Source data:
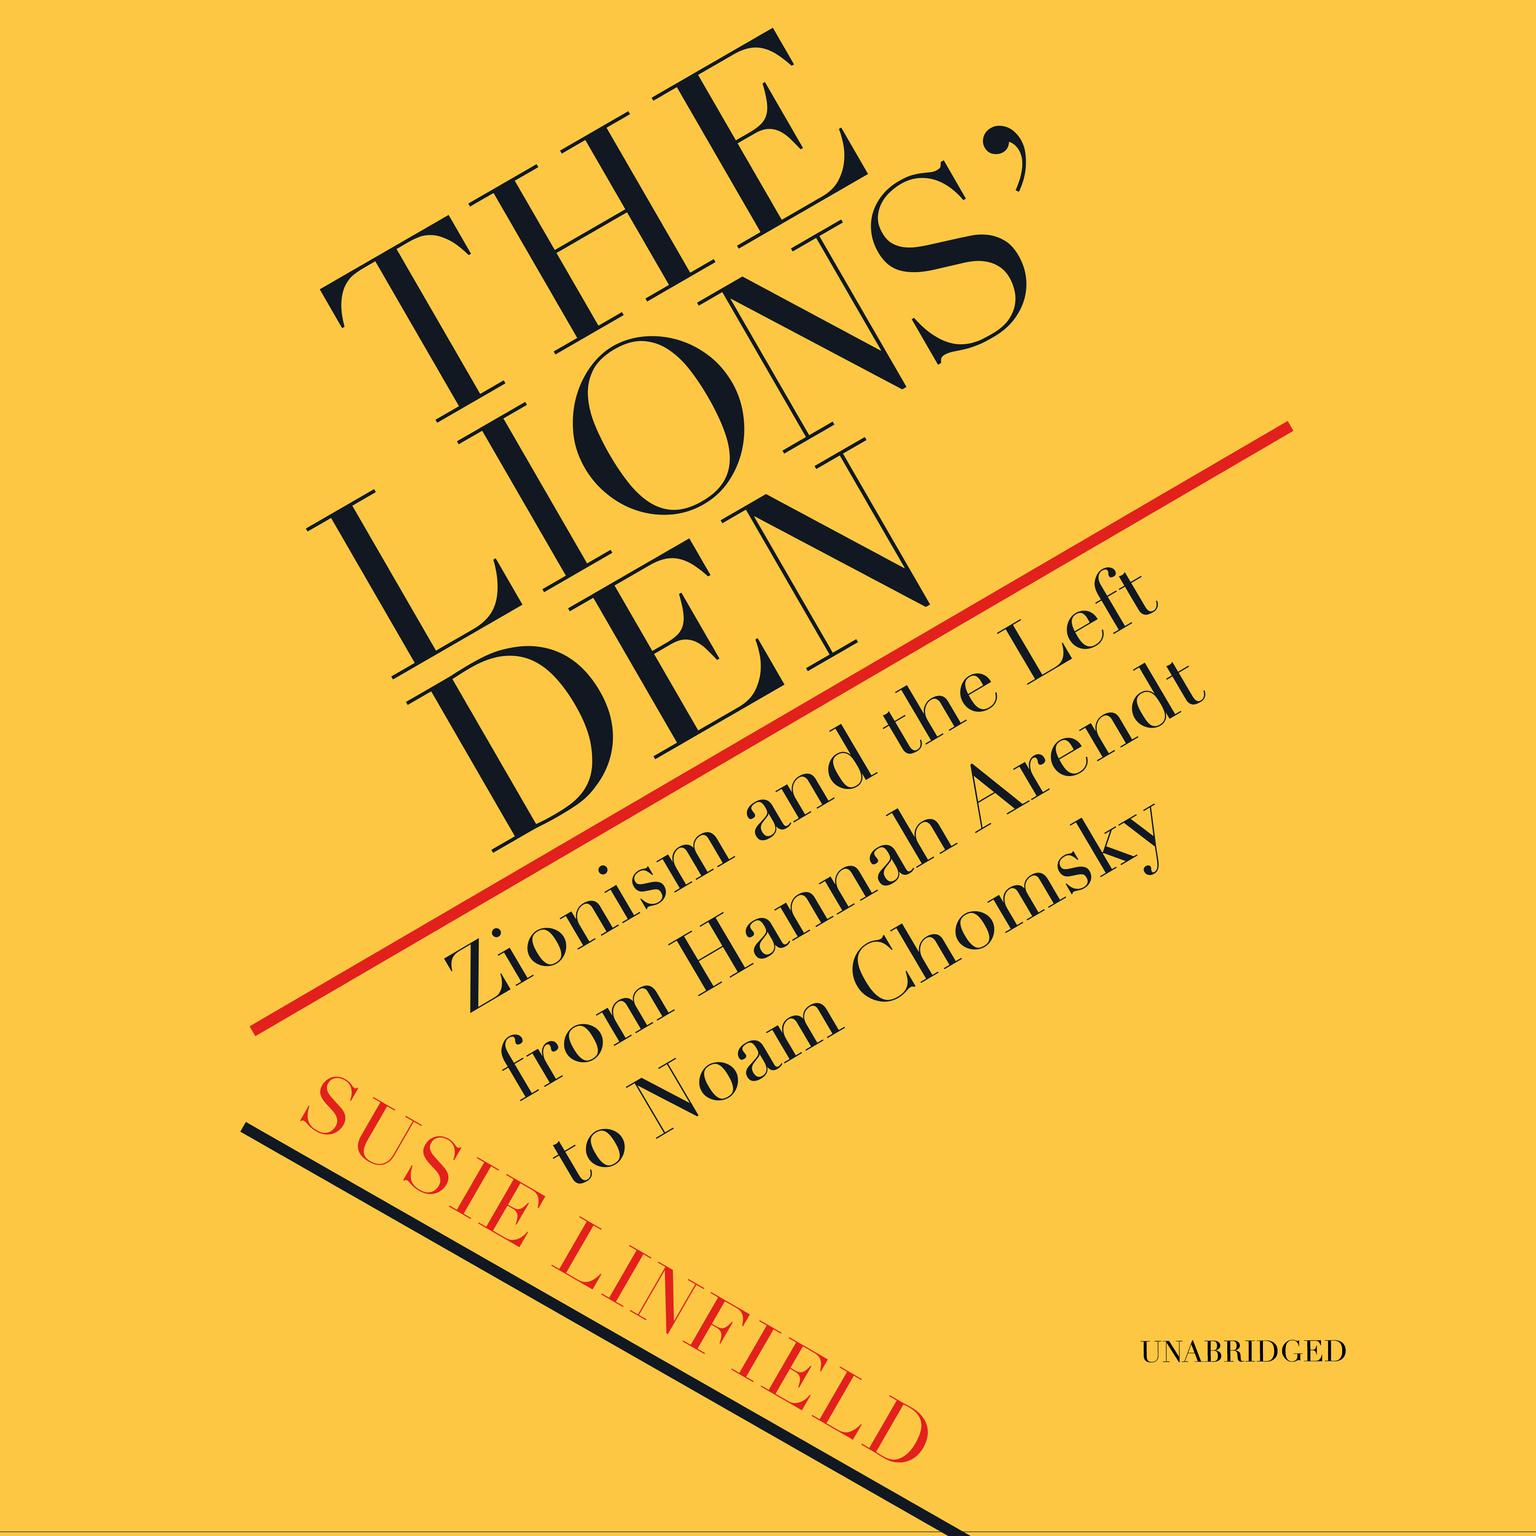 The Lions’ Den: Zionism and the Left from Hannah Arendt to Noam Chomsky Audiobook, by Susie Linfield
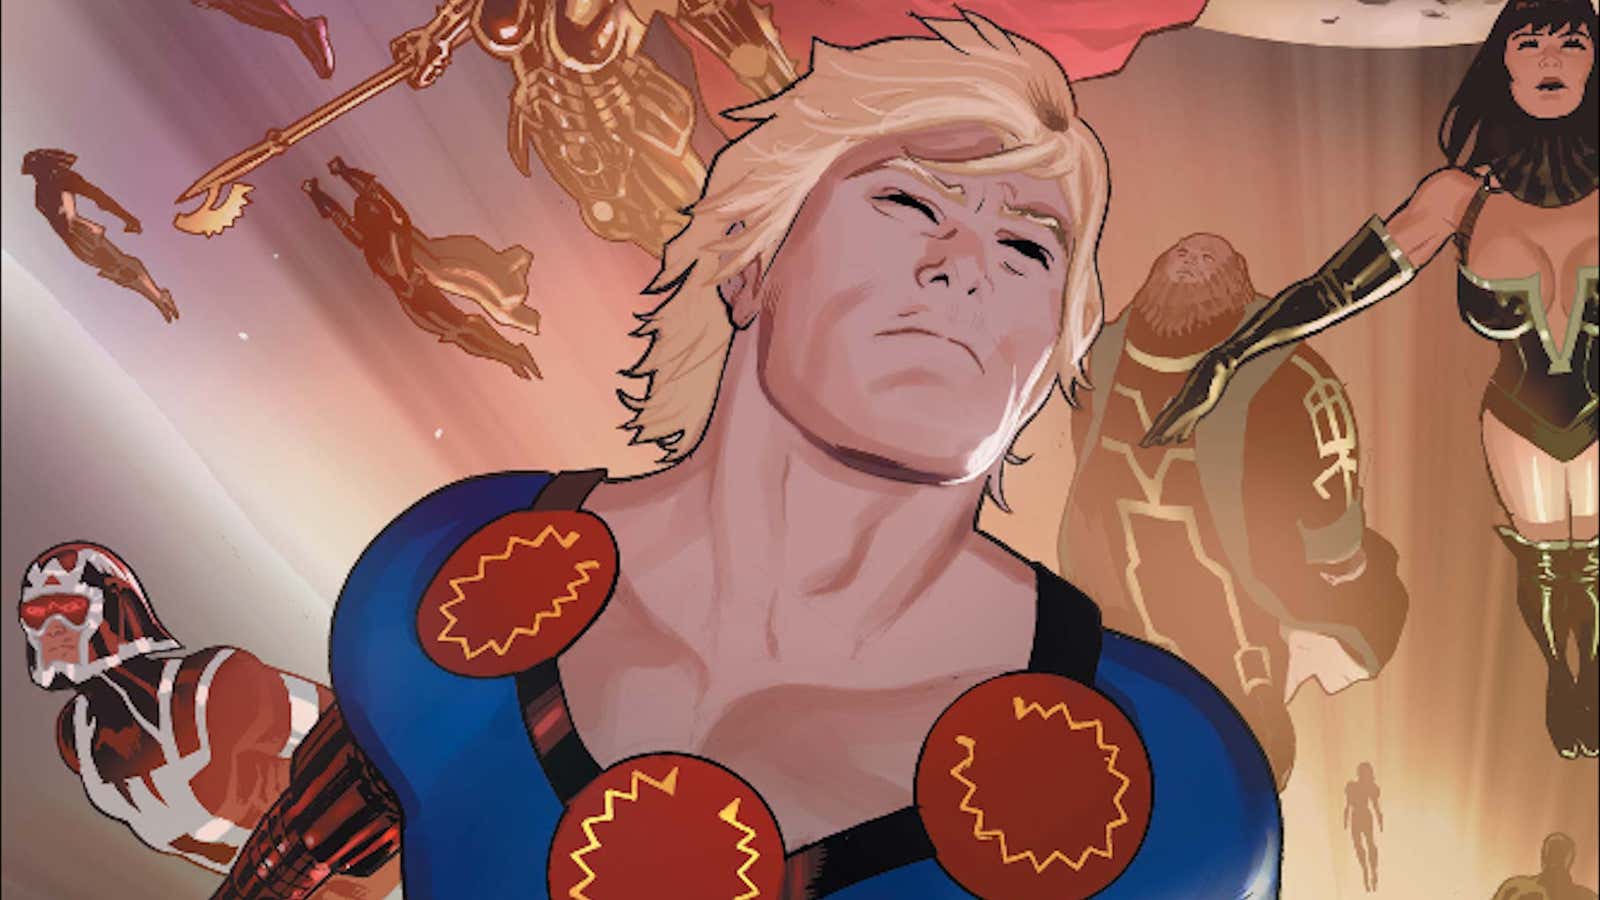 Meet <i>The Eternals</i>, Marvel’s next obscure property bound for the big screen
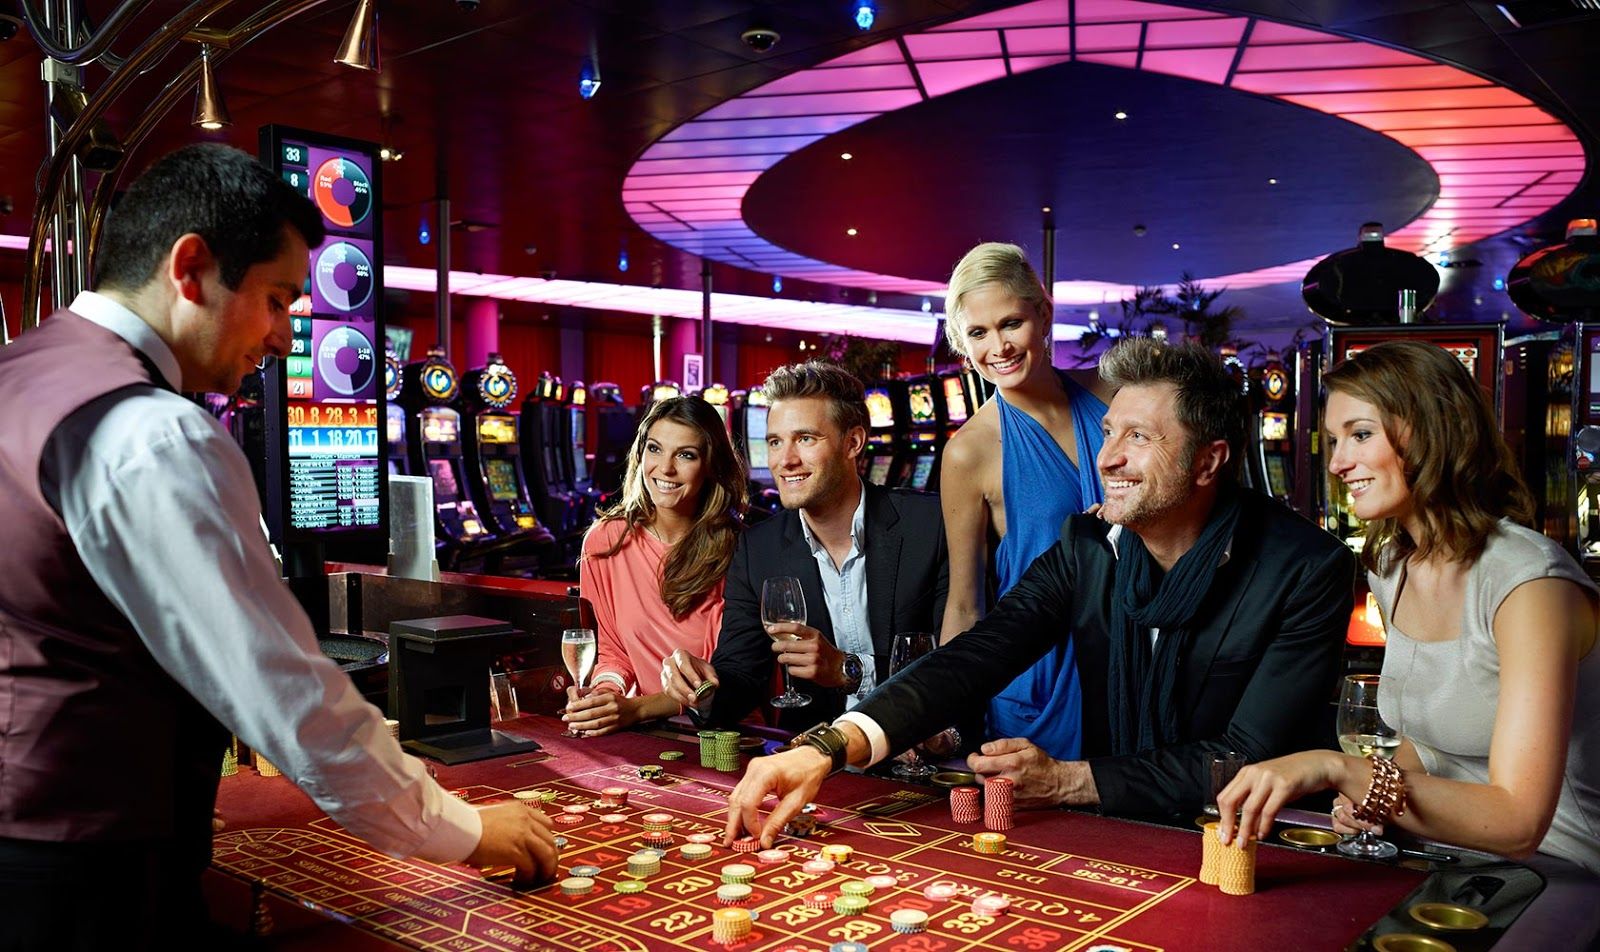 What Everybody Should Know about Casino

What the task asks:
The listing above must be printed again exactly, minus its pictures.

Answer to this task:
 The Lions’ Den: Zionism and the Left from Hannah Arendt to Noam Chomsky Audiobook, by Susie Linfield
 Meet <i>The Eternals</i>, Marvel’s next obscure property bound for the big screen
 What Everybody Should Know about Casino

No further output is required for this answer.